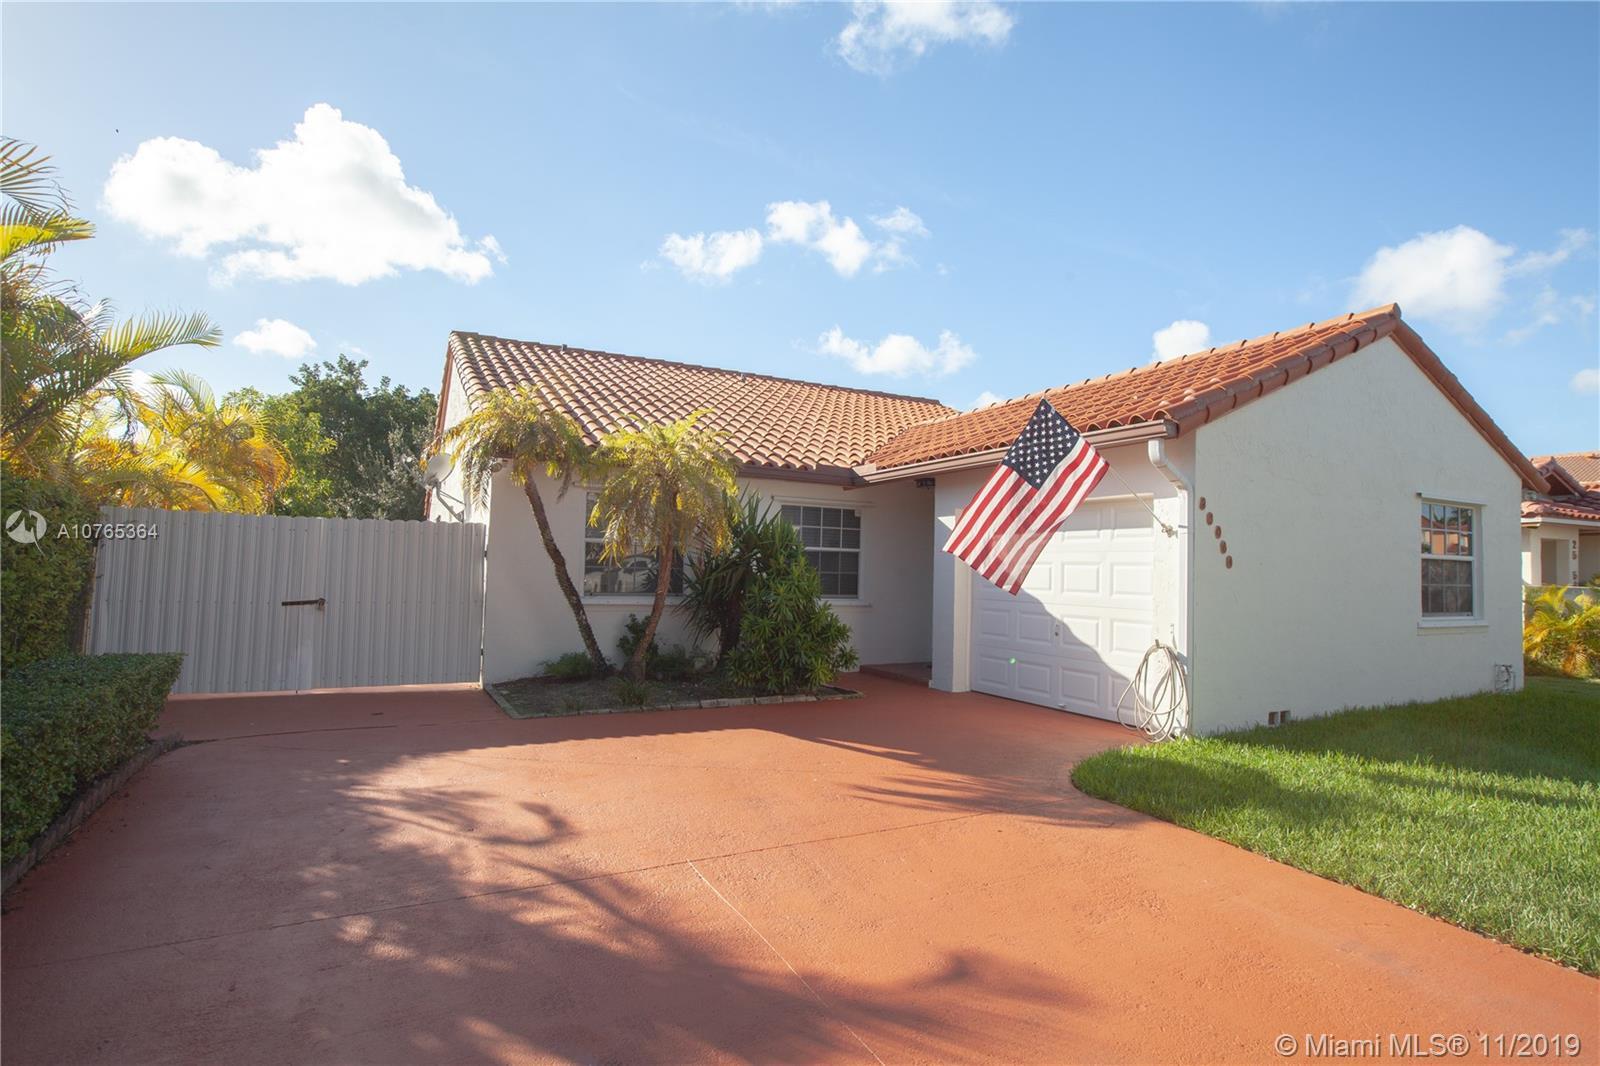 25064 123rd Pl, Homestead, FL 33032 - Homestead, FL real estate listing
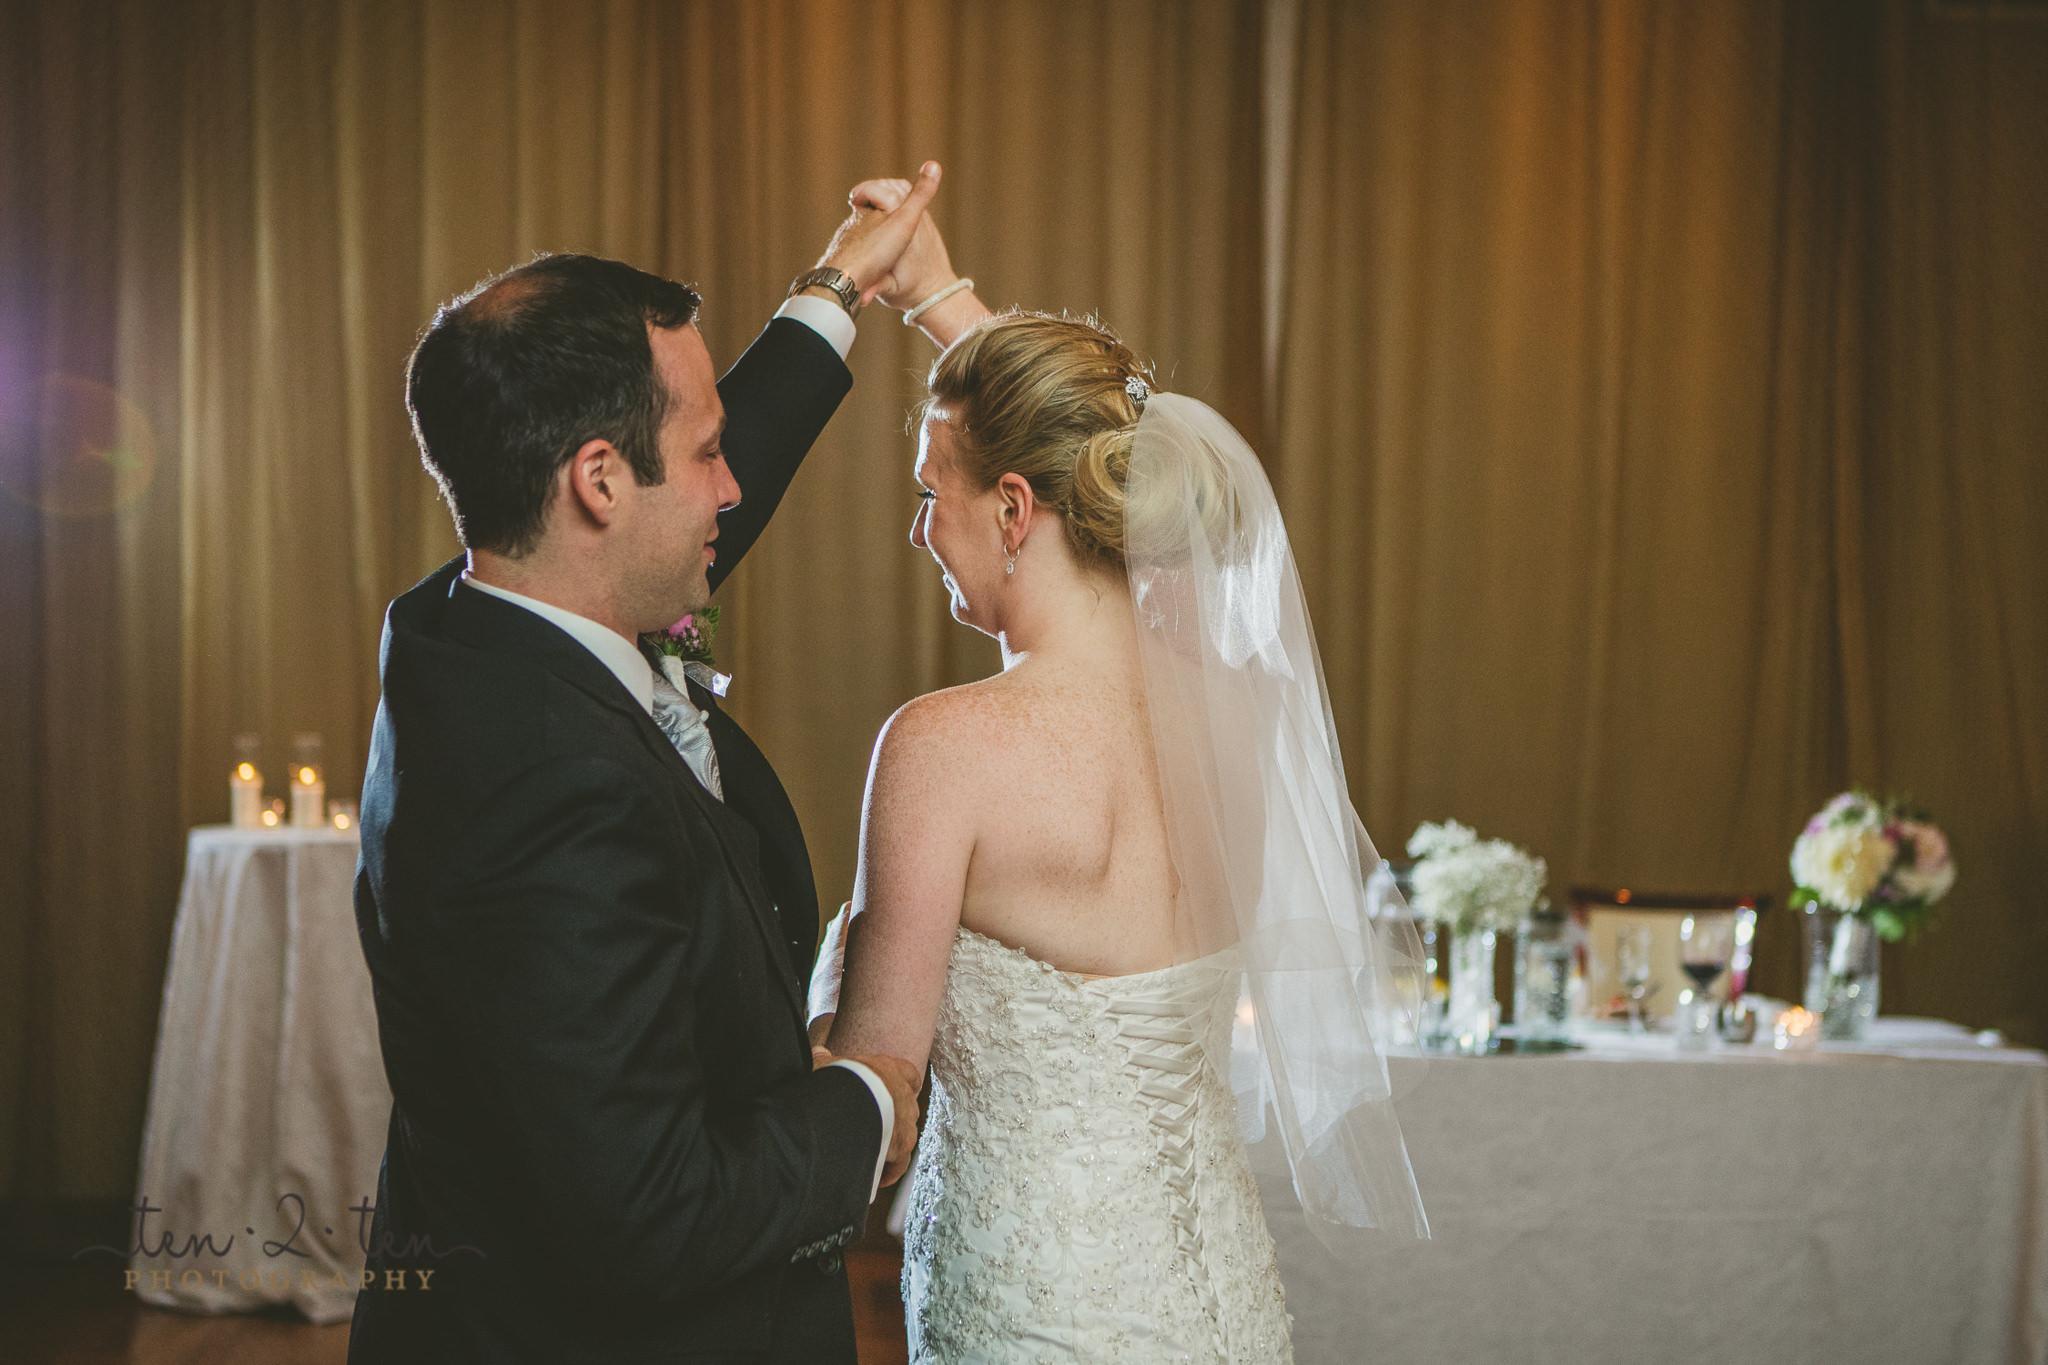 rosewater wedding photo, rosewater wedding photography, rosewater room wedding photos, rosewater room wedding, rosewater room wedding pictures, rosewater room wedding photography
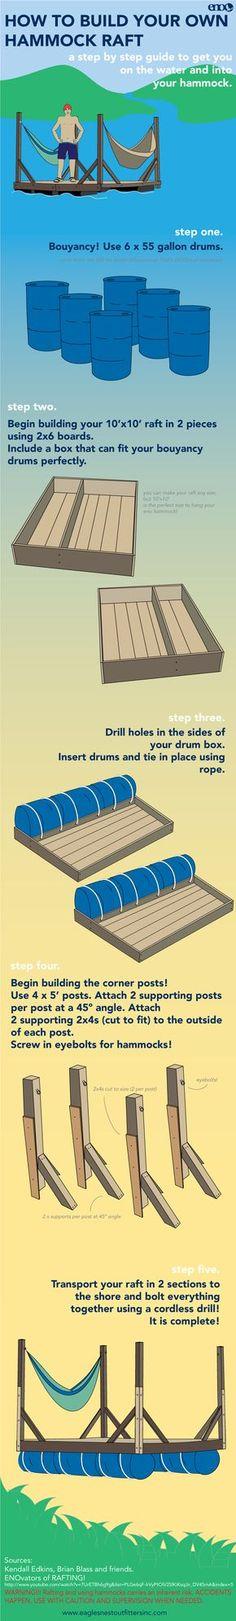 How to Build a Hammock Raft! Inspired By Kendall Edkins, Brian Blass + co. http://www.youtube.com/watch?v=7UrETBh6g9g=PLGe6qF-lrVyPtOiV2SlKiKsqJn_DV45mA=5
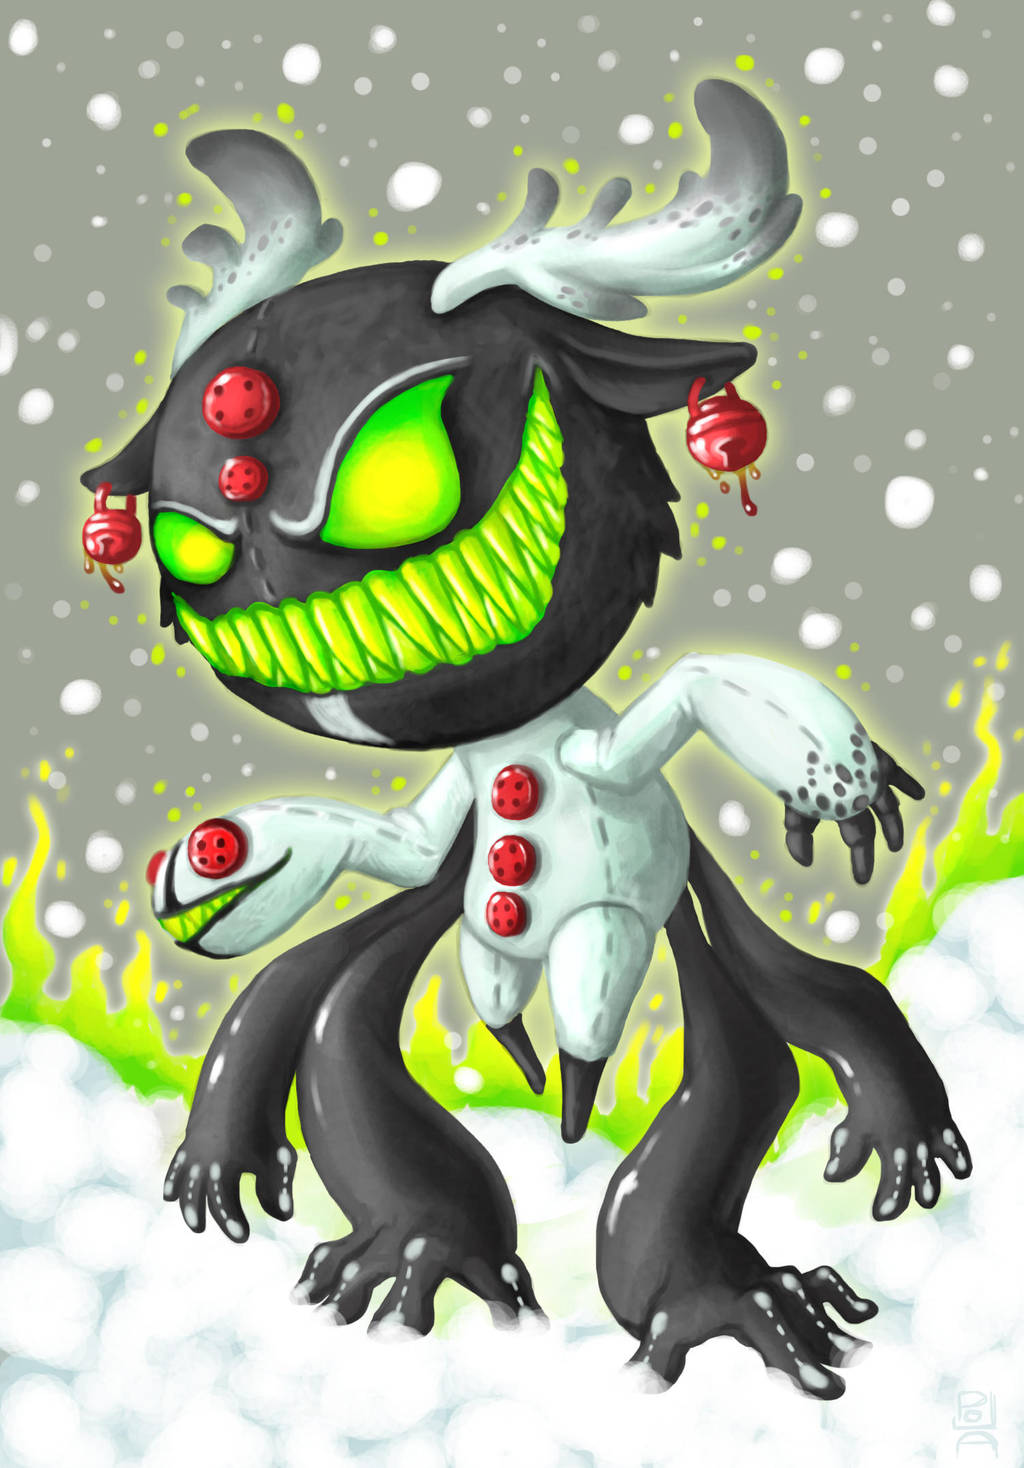 Doll Devil : X'mas by polawat
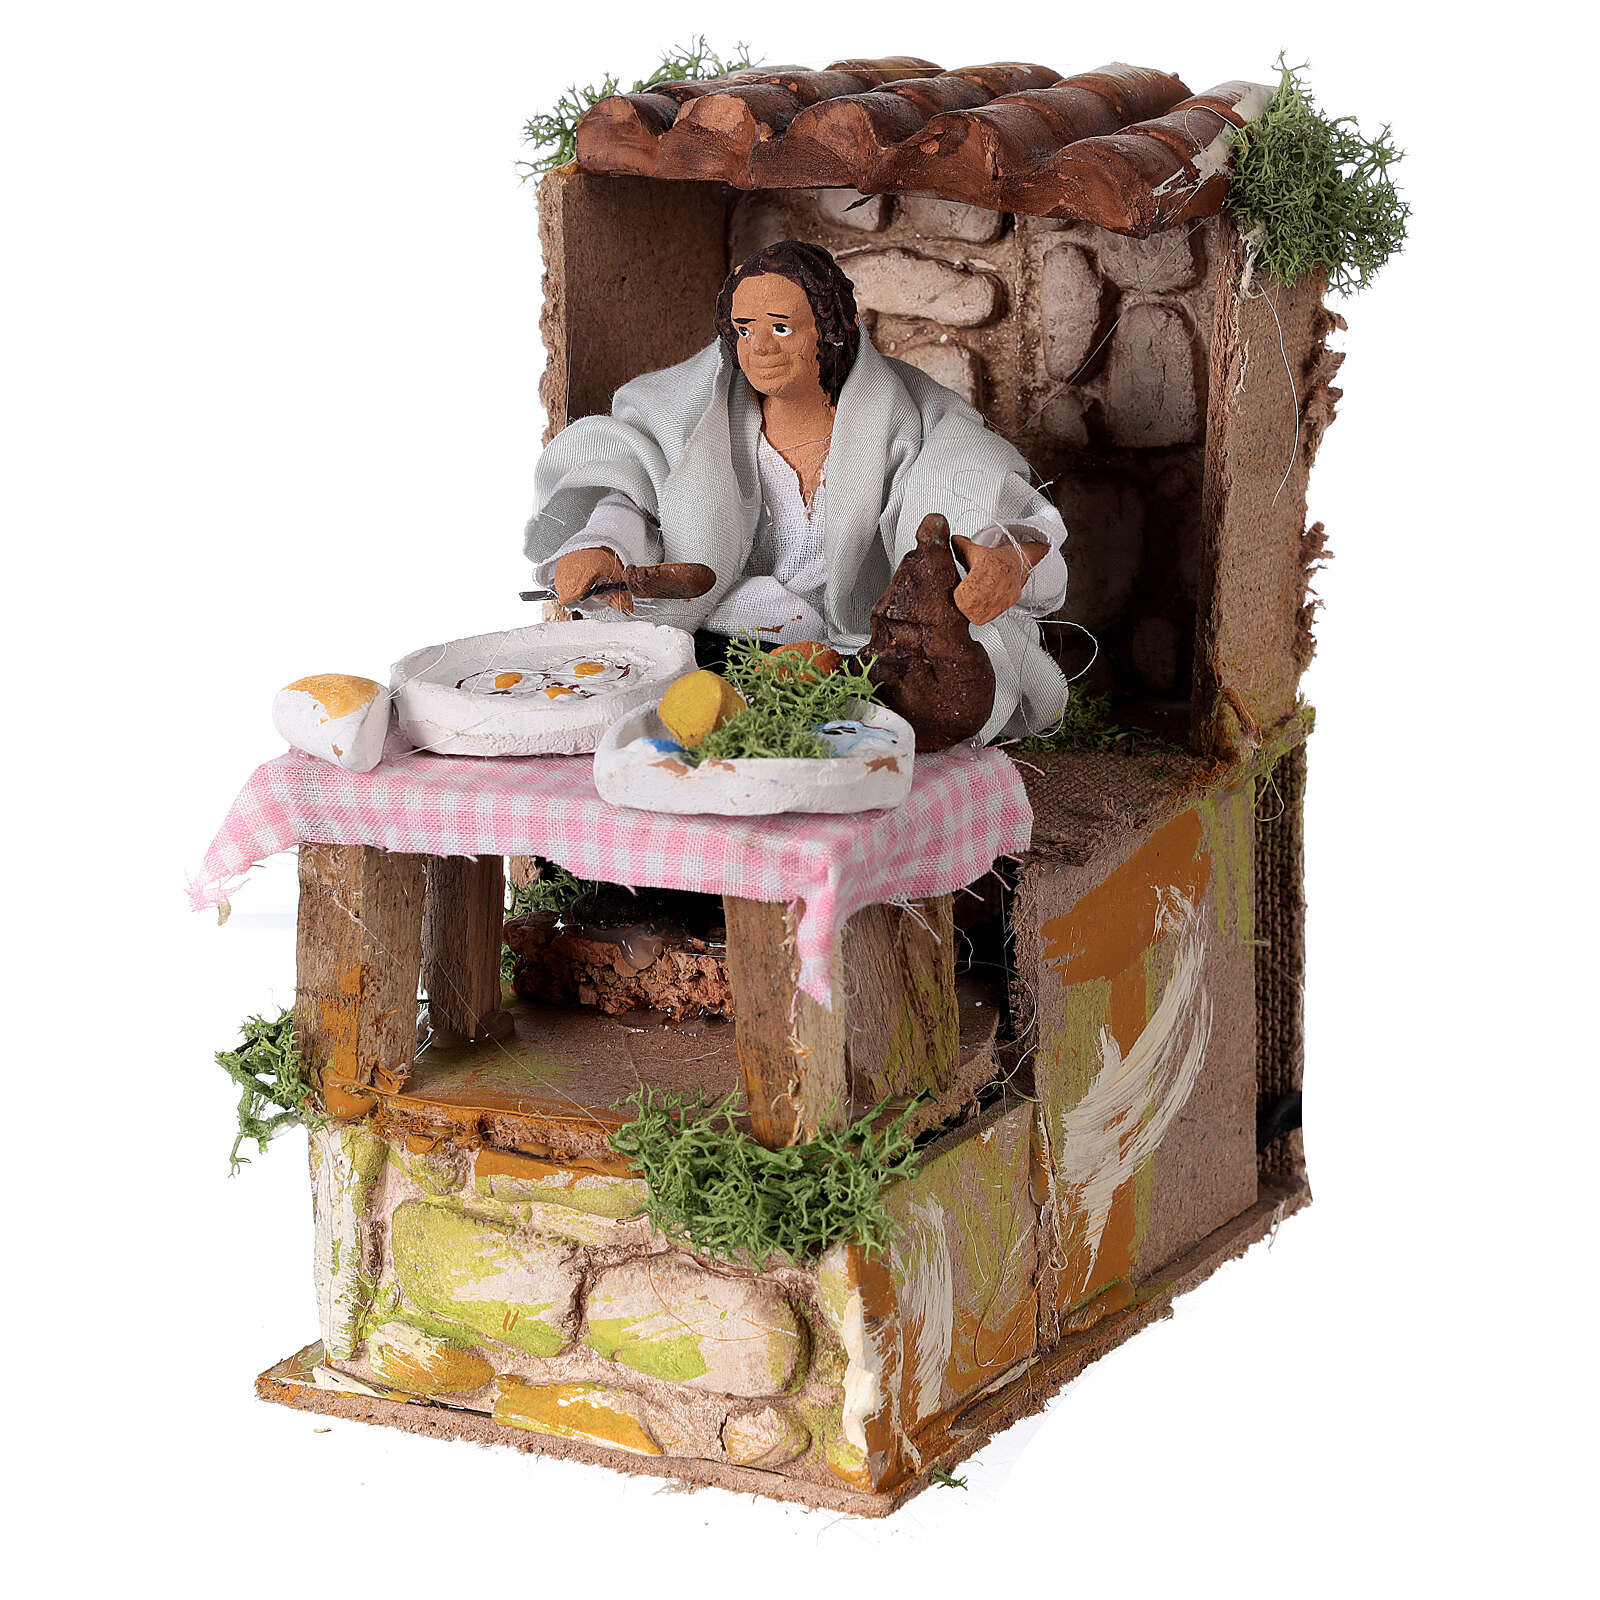 Man cooking, animated nativity figure 10 cm 3

================

A verbatim transcript of the material above, with images dropped, is the expected output.

Answer for the task:
 25064 123rd Pl, Homestead, FL 33032 - Homestead, FL real estate listing
 rosewater wedding photo, rosewater wedding photography, rosewater room wedding photos, rosewater room wedding, rosewater room wedding pictures, rosewater room wedding photography
 How to Build a Hammock Raft! Inspired By Kendall Edkins, Brian Blass + co. http://www.youtube.com/watch?v=7UrETBh6g9g=PLGe6qF-lrVyPtOiV2SlKiKsqJn_DV45mA=5
 Doll Devil : X'mas by polawat
 Man cooking, animated nativity figure 10 cm 3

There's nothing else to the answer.